***** GIVEN DATA *****

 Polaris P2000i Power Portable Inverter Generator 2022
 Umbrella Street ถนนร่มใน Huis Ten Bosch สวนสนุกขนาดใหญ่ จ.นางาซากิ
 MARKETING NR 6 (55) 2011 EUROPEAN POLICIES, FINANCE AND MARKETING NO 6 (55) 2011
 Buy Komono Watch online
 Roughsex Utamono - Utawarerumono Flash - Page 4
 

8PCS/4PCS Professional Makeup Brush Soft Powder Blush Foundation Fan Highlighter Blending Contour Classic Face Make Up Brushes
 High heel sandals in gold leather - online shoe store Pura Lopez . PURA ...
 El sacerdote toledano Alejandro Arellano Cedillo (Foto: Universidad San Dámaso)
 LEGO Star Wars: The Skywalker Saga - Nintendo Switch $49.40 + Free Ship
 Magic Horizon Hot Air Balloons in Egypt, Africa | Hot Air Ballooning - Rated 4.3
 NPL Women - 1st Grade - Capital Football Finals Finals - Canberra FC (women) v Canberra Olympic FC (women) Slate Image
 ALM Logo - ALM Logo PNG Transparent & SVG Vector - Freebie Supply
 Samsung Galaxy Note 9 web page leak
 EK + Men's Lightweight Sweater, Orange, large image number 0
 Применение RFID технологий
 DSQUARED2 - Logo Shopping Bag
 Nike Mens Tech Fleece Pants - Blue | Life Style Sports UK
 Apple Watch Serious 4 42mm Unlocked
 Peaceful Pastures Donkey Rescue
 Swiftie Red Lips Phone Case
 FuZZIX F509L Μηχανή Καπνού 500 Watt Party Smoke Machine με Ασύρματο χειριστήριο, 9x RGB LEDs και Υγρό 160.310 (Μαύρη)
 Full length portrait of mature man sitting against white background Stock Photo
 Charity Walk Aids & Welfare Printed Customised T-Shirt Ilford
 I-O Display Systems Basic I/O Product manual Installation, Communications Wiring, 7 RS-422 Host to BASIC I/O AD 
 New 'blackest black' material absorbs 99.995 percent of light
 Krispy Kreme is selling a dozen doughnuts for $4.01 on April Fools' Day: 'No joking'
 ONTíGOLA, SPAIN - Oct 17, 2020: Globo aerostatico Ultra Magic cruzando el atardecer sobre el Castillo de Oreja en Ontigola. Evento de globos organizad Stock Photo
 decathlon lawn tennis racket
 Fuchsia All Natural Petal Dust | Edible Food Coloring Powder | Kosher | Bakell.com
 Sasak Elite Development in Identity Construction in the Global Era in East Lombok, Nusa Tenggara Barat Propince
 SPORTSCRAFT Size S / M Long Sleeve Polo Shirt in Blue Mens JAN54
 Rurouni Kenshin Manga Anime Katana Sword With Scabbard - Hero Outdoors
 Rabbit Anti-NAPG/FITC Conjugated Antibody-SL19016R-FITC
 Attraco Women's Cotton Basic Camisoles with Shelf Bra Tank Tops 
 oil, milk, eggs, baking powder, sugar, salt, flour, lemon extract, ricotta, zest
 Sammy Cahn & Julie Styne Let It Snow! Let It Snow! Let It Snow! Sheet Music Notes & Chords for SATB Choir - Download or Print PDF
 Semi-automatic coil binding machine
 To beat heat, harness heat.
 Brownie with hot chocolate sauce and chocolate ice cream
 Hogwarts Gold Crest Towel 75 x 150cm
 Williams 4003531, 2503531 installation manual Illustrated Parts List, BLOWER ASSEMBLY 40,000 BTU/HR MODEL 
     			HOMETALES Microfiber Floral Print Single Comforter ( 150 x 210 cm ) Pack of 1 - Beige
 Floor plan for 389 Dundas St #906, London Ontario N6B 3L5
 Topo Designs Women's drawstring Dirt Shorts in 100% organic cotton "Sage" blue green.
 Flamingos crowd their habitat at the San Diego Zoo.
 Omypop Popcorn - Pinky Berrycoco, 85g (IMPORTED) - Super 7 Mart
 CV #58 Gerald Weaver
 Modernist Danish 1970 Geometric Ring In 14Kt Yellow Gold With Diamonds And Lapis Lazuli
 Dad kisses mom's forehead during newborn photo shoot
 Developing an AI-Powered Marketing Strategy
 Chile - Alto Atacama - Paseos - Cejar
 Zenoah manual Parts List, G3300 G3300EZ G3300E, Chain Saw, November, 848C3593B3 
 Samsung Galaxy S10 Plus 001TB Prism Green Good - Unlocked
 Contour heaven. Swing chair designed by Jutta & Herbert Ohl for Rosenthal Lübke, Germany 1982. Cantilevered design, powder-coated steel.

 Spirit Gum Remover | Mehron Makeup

*****

__REQUIREMENT__
Output the data in full, exactly as it stands.

__RESPONSE__
 Polaris P2000i Power Portable Inverter Generator 2022
 Umbrella Street ถนนร่มใน Huis Ten Bosch สวนสนุกขนาดใหญ่ จ.นางาซากิ
 MARKETING NR 6 (55) 2011 EUROPEAN POLICIES, FINANCE AND MARKETING NO 6 (55) 2011
 Buy Komono Watch online
 Roughsex Utamono - Utawarerumono Flash - Page 4
 

8PCS/4PCS Professional Makeup Brush Soft Powder Blush Foundation Fan Highlighter Blending Contour Classic Face Make Up Brushes
 High heel sandals in gold leather - online shoe store Pura Lopez . PURA ...
 El sacerdote toledano Alejandro Arellano Cedillo (Foto: Universidad San Dámaso)
 LEGO Star Wars: The Skywalker Saga - Nintendo Switch $49.40 + Free Ship
 Magic Horizon Hot Air Balloons in Egypt, Africa | Hot Air Ballooning - Rated 4.3
 NPL Women - 1st Grade - Capital Football Finals Finals - Canberra FC (women) v Canberra Olympic FC (women) Slate Image
 ALM Logo - ALM Logo PNG Transparent & SVG Vector - Freebie Supply
 Samsung Galaxy Note 9 web page leak
 EK + Men's Lightweight Sweater, Orange, large image number 0
 Применение RFID технологий
 DSQUARED2 - Logo Shopping Bag
 Nike Mens Tech Fleece Pants - Blue | Life Style Sports UK
 Apple Watch Serious 4 42mm Unlocked
 Peaceful Pastures Donkey Rescue
 Swiftie Red Lips Phone Case
 FuZZIX F509L Μηχανή Καπνού 500 Watt Party Smoke Machine με Ασύρματο χειριστήριο, 9x RGB LEDs και Υγρό 160.310 (Μαύρη)
 Full length portrait of mature man sitting against white background Stock Photo
 Charity Walk Aids & Welfare Printed Customised T-Shirt Ilford
 I-O Display Systems Basic I/O Product manual Installation, Communications Wiring, 7 RS-422 Host to BASIC I/O AD 
 New 'blackest black' material absorbs 99.995 percent of light
 Krispy Kreme is selling a dozen doughnuts for $4.01 on April Fools' Day: 'No joking'
 ONTíGOLA, SPAIN - Oct 17, 2020: Globo aerostatico Ultra Magic cruzando el atardecer sobre el Castillo de Oreja en Ontigola. Evento de globos organizad Stock Photo
 decathlon lawn tennis racket
 Fuchsia All Natural Petal Dust | Edible Food Coloring Powder | Kosher | Bakell.com
 Sasak Elite Development in Identity Construction in the Global Era in East Lombok, Nusa Tenggara Barat Propince
 SPORTSCRAFT Size S / M Long Sleeve Polo Shirt in Blue Mens JAN54
 Rurouni Kenshin Manga Anime Katana Sword With Scabbard - Hero Outdoors
 Rabbit Anti-NAPG/FITC Conjugated Antibody-SL19016R-FITC
 Attraco Women's Cotton Basic Camisoles with Shelf Bra Tank Tops 
 oil, milk, eggs, baking powder, sugar, salt, flour, lemon extract, ricotta, zest
 Sammy Cahn & Julie Styne Let It Snow! Let It Snow! Let It Snow! Sheet Music Notes & Chords for SATB Choir - Download or Print PDF
 Semi-automatic coil binding machine
 To beat heat, harness heat.
 Brownie with hot chocolate sauce and chocolate ice cream
 Hogwarts Gold Crest Towel 75 x 150cm
 Williams 4003531, 2503531 installation manual Illustrated Parts List, BLOWER ASSEMBLY 40,000 BTU/HR MODEL 
     			HOMETALES Microfiber Floral Print Single Comforter ( 150 x 210 cm ) Pack of 1 - Beige
 Floor plan for 389 Dundas St #906, London Ontario N6B 3L5
 Topo Designs Women's drawstring Dirt Shorts in 100% organic cotton "Sage" blue green.
 Flamingos crowd their habitat at the San Diego Zoo.
 Omypop Popcorn - Pinky Berrycoco, 85g (IMPORTED) - Super 7 Mart
 CV #58 Gerald Weaver
 Modernist Danish 1970 Geometric Ring In 14Kt Yellow Gold With Diamonds And Lapis Lazuli
 Dad kisses mom's forehead during newborn photo shoot
 Developing an AI-Powered Marketing Strategy
 Chile - Alto Atacama - Paseos - Cejar
 Zenoah manual Parts List, G3300 G3300EZ G3300E, Chain Saw, November, 848C3593B3 
 Samsung Galaxy S10 Plus 001TB Prism Green Good - Unlocked
 Contour heaven. Swing chair designed by Jutta & Herbert Ohl for Rosenthal Lübke, Germany 1982. Cantilevered design, powder-coated steel.

 Spirit Gum Remover | Mehron Makeup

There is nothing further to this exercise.